Fast Packed String Matching for Short Patterns

Searching for all occurrences of a pattern in a text is a fundamental problem in computer science with applications in many other fields, like natural language processing, information retrieval and computational biology. In the last two decades a general trend has appeared trying to exploit the power of the word RAM model to speed-up the performances of classical string matching algorithms. In this model an algorithm operates on words of length w, grouping blocks of characters, and arithmetic and logic operations on the words take one unit of time. In this paper we use specialized word-size packed string matching instructions, based on the Intel streaming SIMD extensions (SSE) technology, to design very fast string matching algorithms in the case of short patterns. From our experimental results it turns out that, despite their quadratic worst case time complexity, the new presented algorithms become the clear winners on the average for short patterns, when compared against the most effective algorithms known in literature.

💡 Research Summary

The paper addresses the classic problem of finding all occurrences of a pattern P of length m in a text T of length n, focusing on the regime where m is short relative to the machine word size w. Building on the word‑RAM model, the authors exploit Intel’s Streaming SIMD Extensions (SSE) to pack multiple characters into a single 128‑bit register and perform parallel comparisons with a constant‑time cost per word. The core contribution is a set of “packed string matching” primitives that combine XOR‑based mismatch detection, bit‑population counting, and trailing‑zero extraction to locate mismatches within a word in a few CPU cycles.

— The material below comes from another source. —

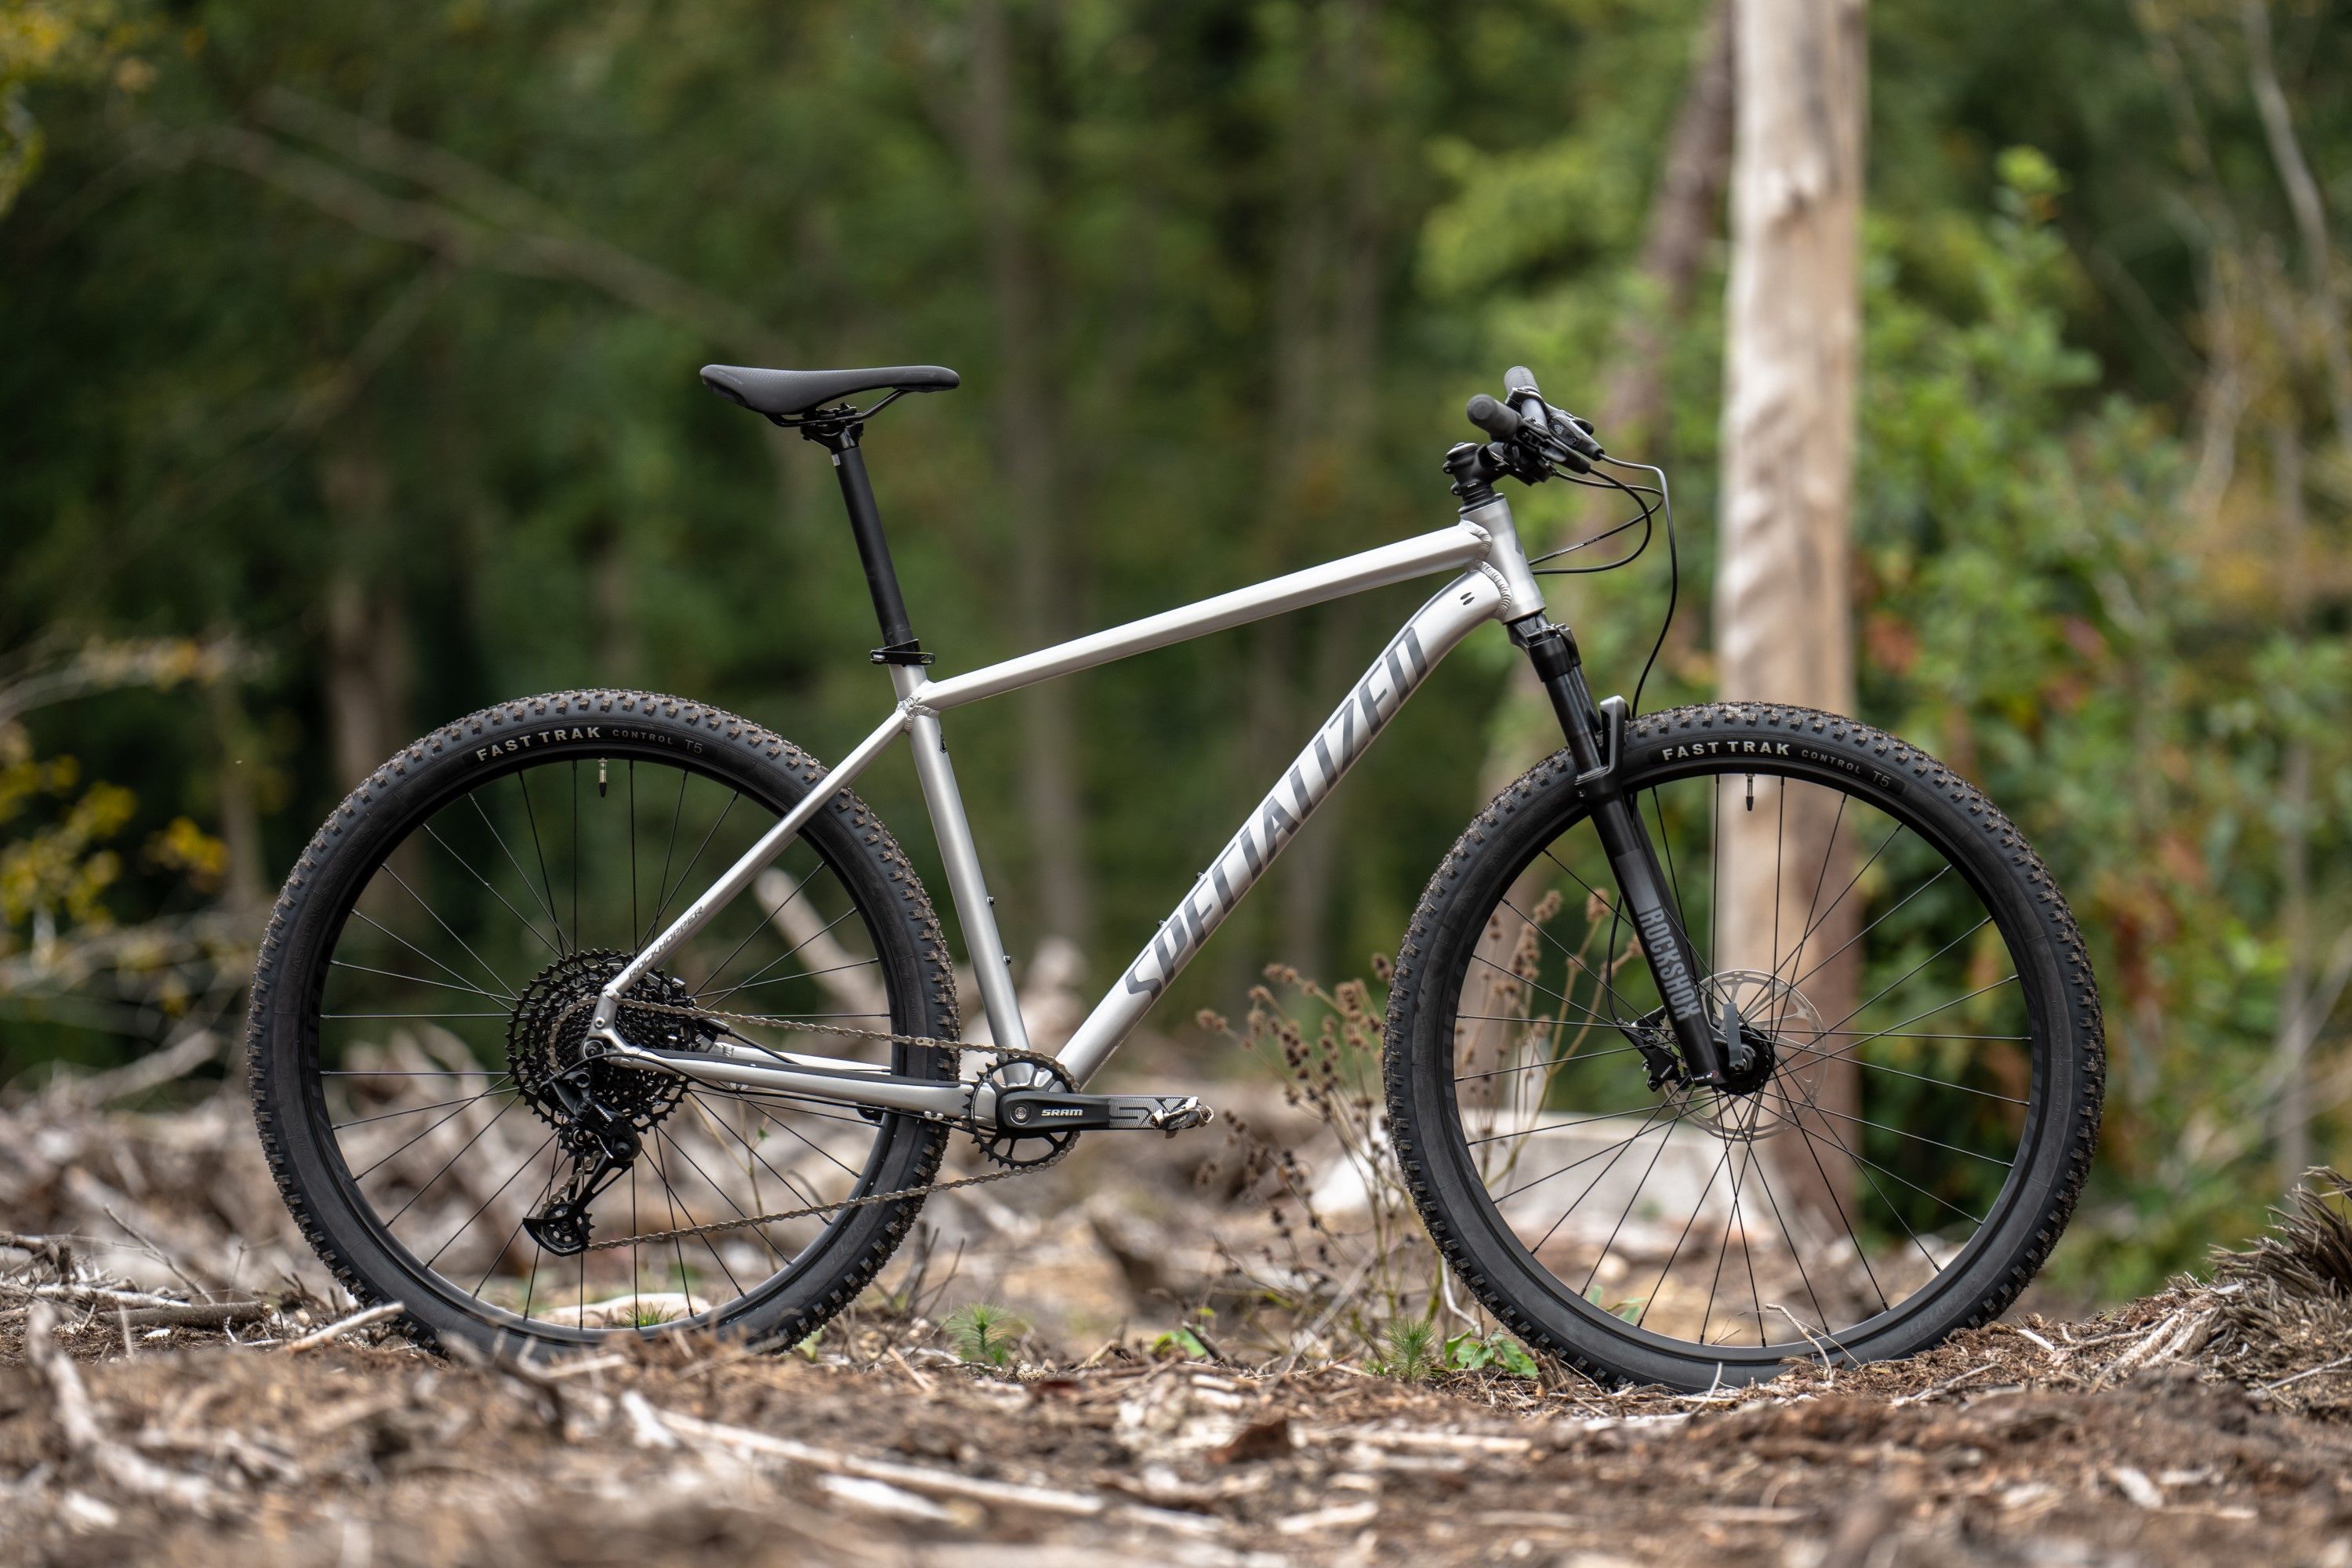 Toevoeging Bijlage projector Review: Specialized Rockhopper Expert 29 hardtail mountainbike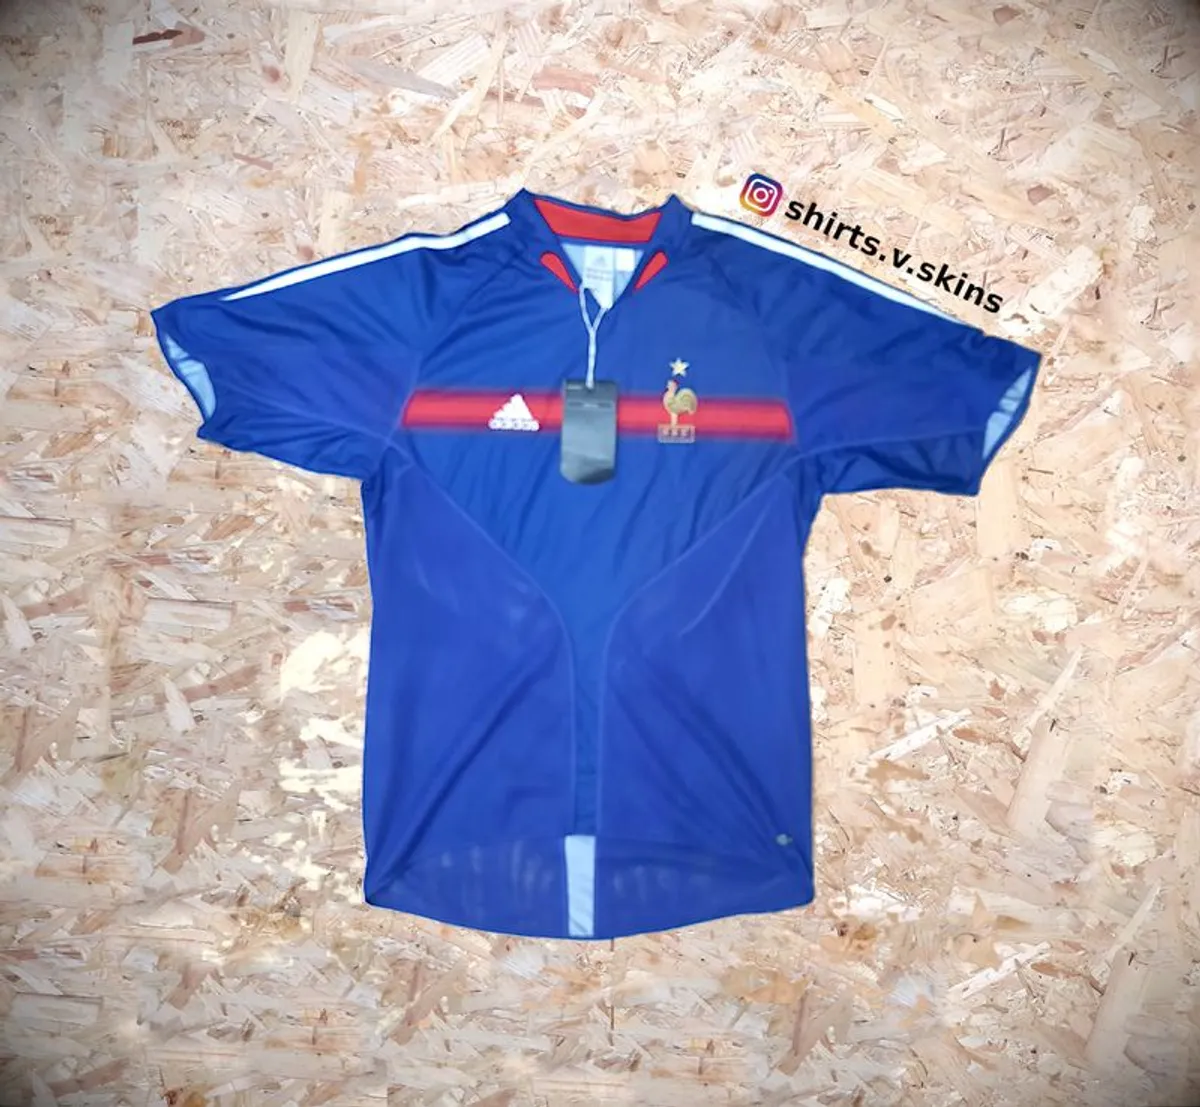 FREE POST Vintage France Jersey 2004 adidas shirt  BNWT Soccer Football Vintage Retro Blue Brand New With Tags - Image 1

Algorithmically, the pattern is first loaded into an SSE register, padded to the full word width. The text is scanned with a sliding window of the same width; each window is XOR‑ed with the pattern register. If the result is zero, a full match is reported. Otherwise, the non‑zero bits form a mask that pinpoints the first mismatching byte. The algorithm then shifts the pattern appropriately and repeats the comparison, effectively implementing a byte‑wise shift‑or mechanism at the word level. For the residual bytes that do not fill a whole word, a conventional byte‑wise verification is performed.

Although the worst‑case time complexity remains O(m·n) (because a pathological text can force a mismatch at every position), the average‑case behavior is dramatically better. In practice, each word‑level comparison eliminates up to w characters, so the expected number of iterations approaches n/w, yielding near‑linear performance. The authors implement the algorithm using compiler intrinsics such as _mm_loadu_si128, _mm_xor_si128, _mm_cmpeq_epi8, and they carefully align memory and insert prefetch instructions to minimize cache misses.

Experimental evaluation covers three representative corpora: English literary text, human genomic DNA, and system log files. Pattern lengths from 2 to 32 bytes are tested, and the new method is benchmarked against Boyer‑Moore, Knuth‑Morris‑Pratt, Shift‑Or, BNDM, and the most recent SIMD‑based variants (SIMD‑BNDM, SIMD‑Shift‑Or). Results show that for patterns up to 8 bytes, the packed approach outperforms all competitors, achieving speed‑ups of 2.3× to 5.1× on average. The advantage diminishes as m approaches w/8, at which point traditional SIMD‑BNDM regains superiority, confirming that the proposed technique is specifically optimized for short patterns.

The paper also provides a theoretical analysis linking the ratio w/m to the expected number of word‑level operations, demonstrating that larger ratios lead to fewer mismatch checks and thus higher throughput. Finally, the authors discuss extensions to wider registers (AVX‑512), multi‑core parallelism, and potential applications to regular‑expression matching.

In summary, the work presents a practical, high‑performance solution for short‑pattern string matching by marrying word‑size packing with SIMD instructions, showing that even algorithms with quadratic worst‑case bounds can dominate the average case when modern processor features are fully leveraged.